Rituxan in Combination with CVP for Previously Untreated, Follicular NHL
Patients in the R-CVP arm had higher incidences of infusional toxicity and of neutropenia as compared to those in the CVP arm. The following adverse reactions occurred more frequently (≥5%) in patients receiving R-CVP compared to CVP alone: rash (17% vs 5%), cough (15% vs 6%), flushing (14% vs 3%), rigors (10% vs 2%), pruritus (10% vs 1%), neutropenia (8% vs 3%), and chest tightness (7% vs 1%).

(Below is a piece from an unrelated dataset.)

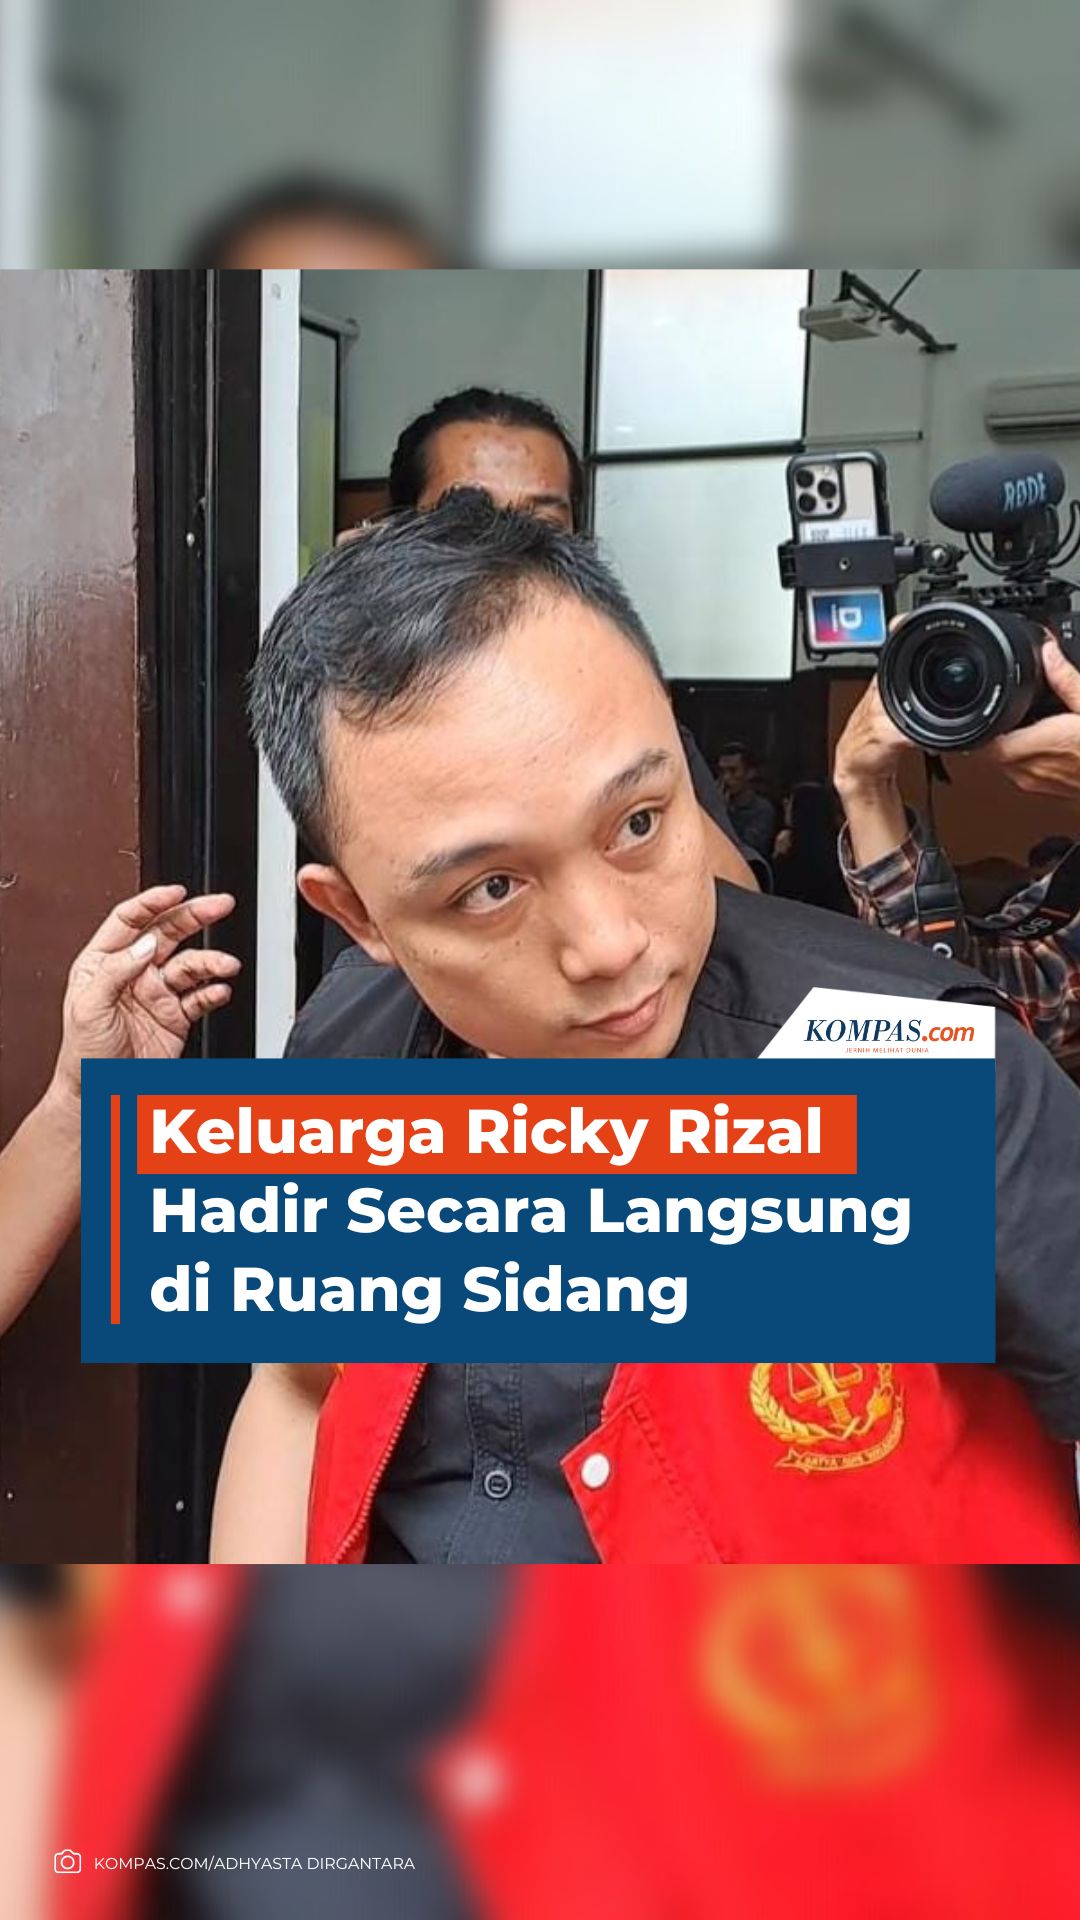 Keluarga Ricky Rizal Hadir Secara Langsung di Ruang Sidang

Single Agent Rituxan for Low-Grade NHL, after First-Line CVP Chemotherapy
The following common adverse reactions were reported more frequently (≥5%) in patients receiving Rituxan following CVP compared with those who received no further therapy: fatigue (39% vs 14%), anemia (35% vs 20%), peripheral sensory neuropathy (30% vs 18%), infections (19% vs 9%), pulmonary toxicity (18% vs 10%), hepatobiliary toxicity (17% vs 7%), rash and/or pruritus (17% vs 5%), arthralgia (12% vs 3%), and weight gain (11% vs 4%). Neutropenia was the only Grade 3 or 4 adverse reaction that occurred more frequently (≥2%) in the Rituxan arm compared with those who received no further therapy (4% vs 1%).

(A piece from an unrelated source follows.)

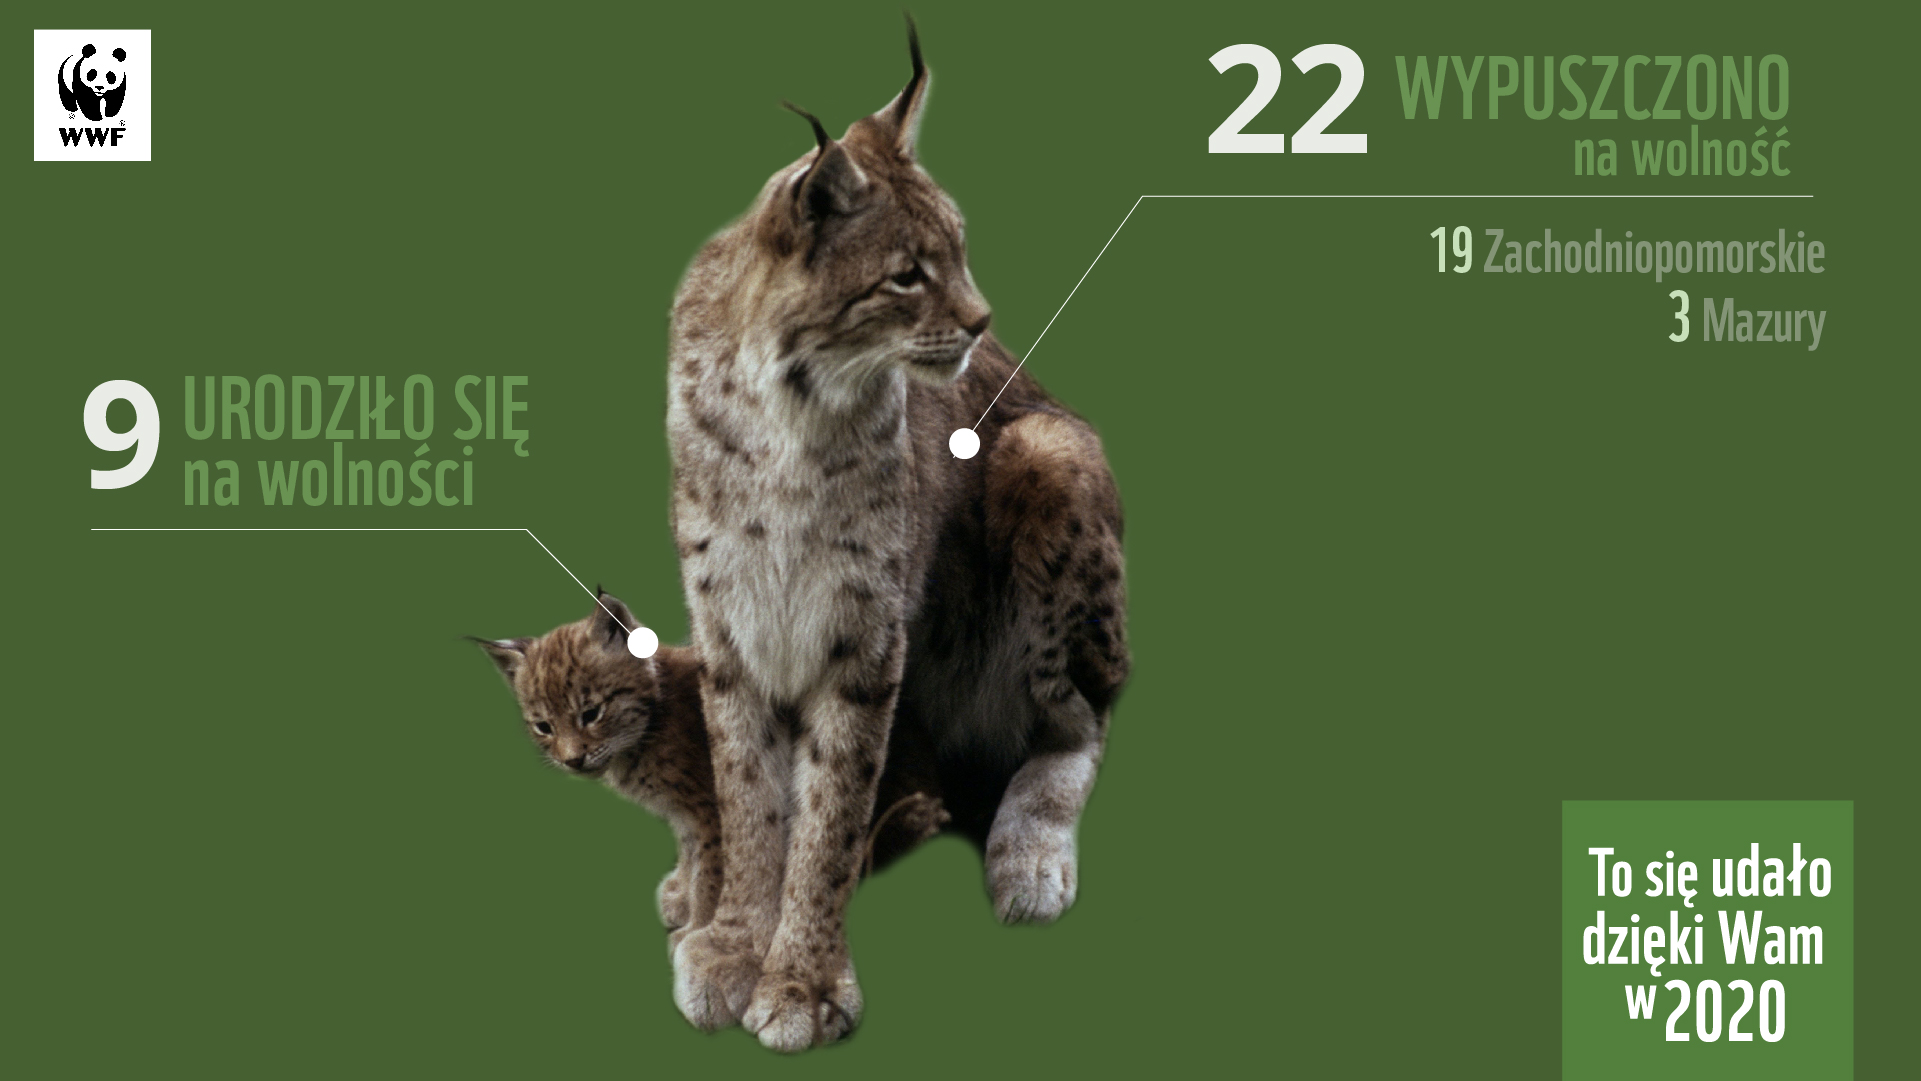 W 2020 roku dzięki darczyńcom WWF na wolność wypuszczono 22 rysie, a 9 urodziło się na wolności

Rituxan in Combination with CHOP Chemotherapy for DLBCL
The following adverse reactions, regardless of severity, were reported more frequently (≥5%) in patients age ≥60 years receiving R-CHOP as compared to CHOP alone: pyrexia (56% vs 46%), lung disorder (31% vs 24%), cardiac disorder (29% vs 21%), and chills (13% vs 4%). In the GELA LNH 98-5 study, a review of cardiac toxicity determined that supraventricular arrhythmias or tachycardia accounted for most of the difference in cardiac disorders (4.5% for R-CHOP vs. 1.0% for CHOP).

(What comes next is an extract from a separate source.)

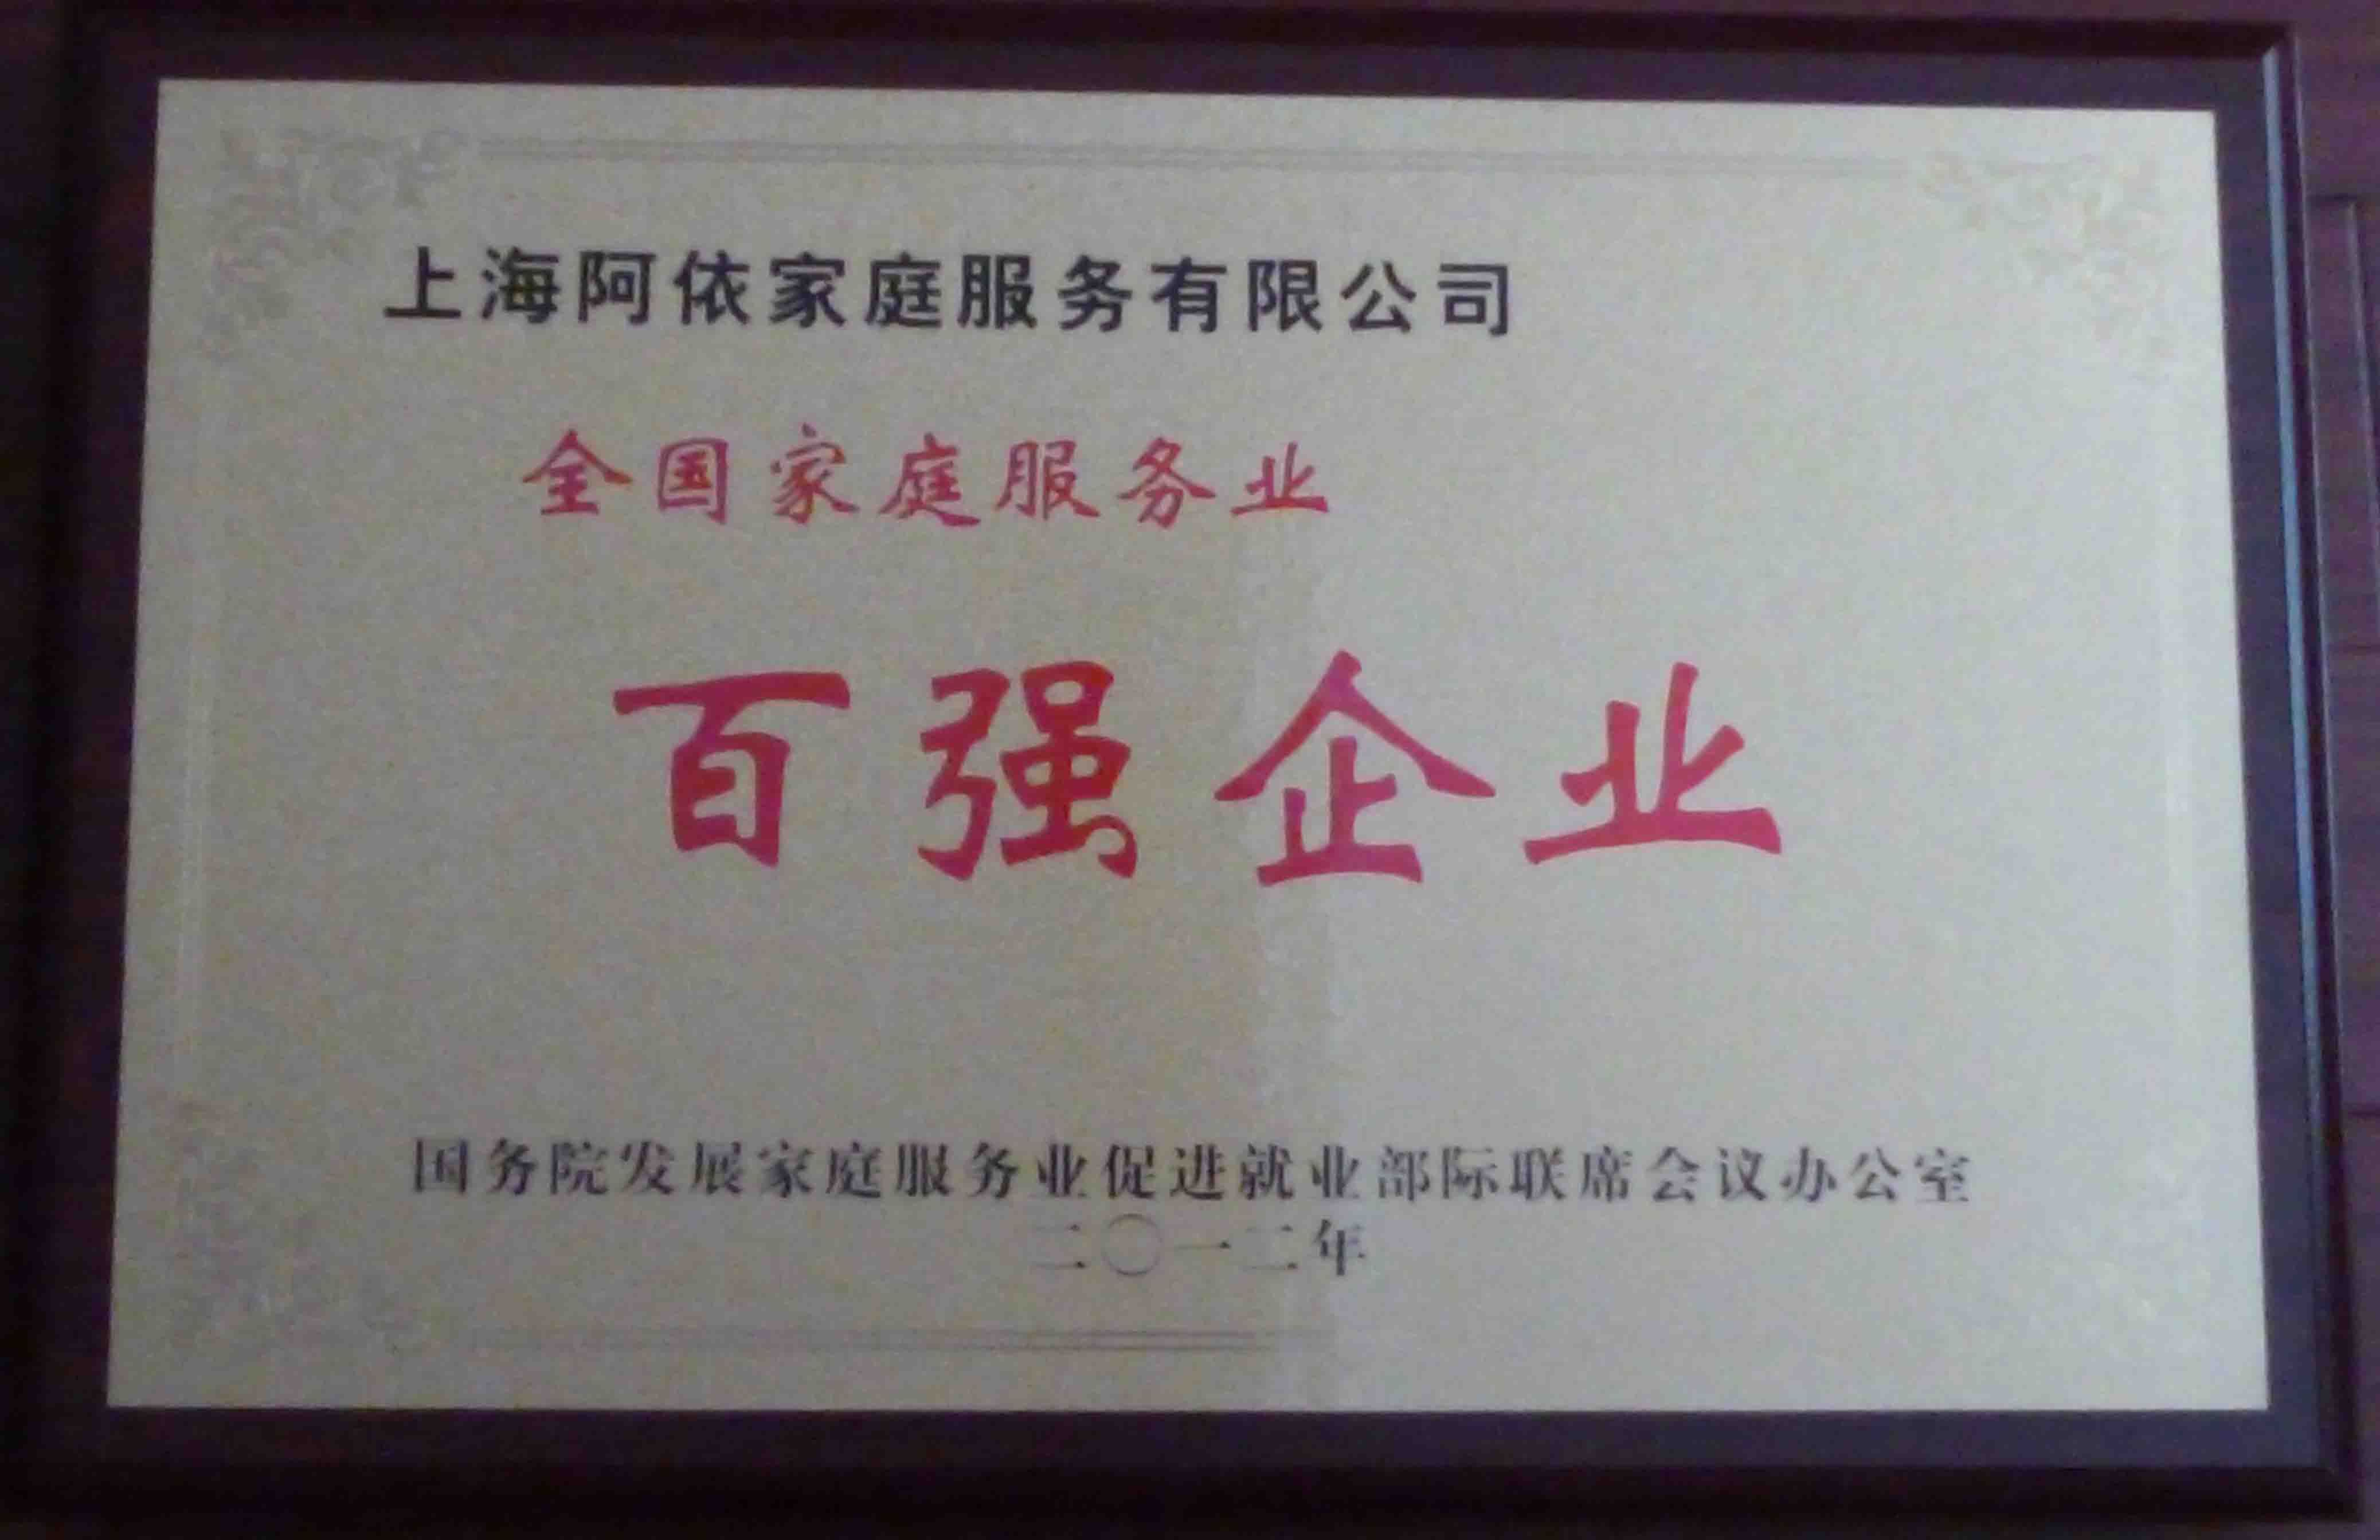 上海阿依家庭服务有限公司

The following Grade 3 or 4 adverse reactions occurred more frequently among patients in the R-CHOP arm compared with those in the CHOP arm: thrombocytopenia (9% vs 7%) and lung disorder (6% vs 3%). Other Grade 3 or 4 adverse reactions reported more frequently among patients receiving R-CHOP were viral infection (GELA LNH 98-5 study), neutropenia (GELA LNH 98-5 and MInT studies), and anemia (MInT study).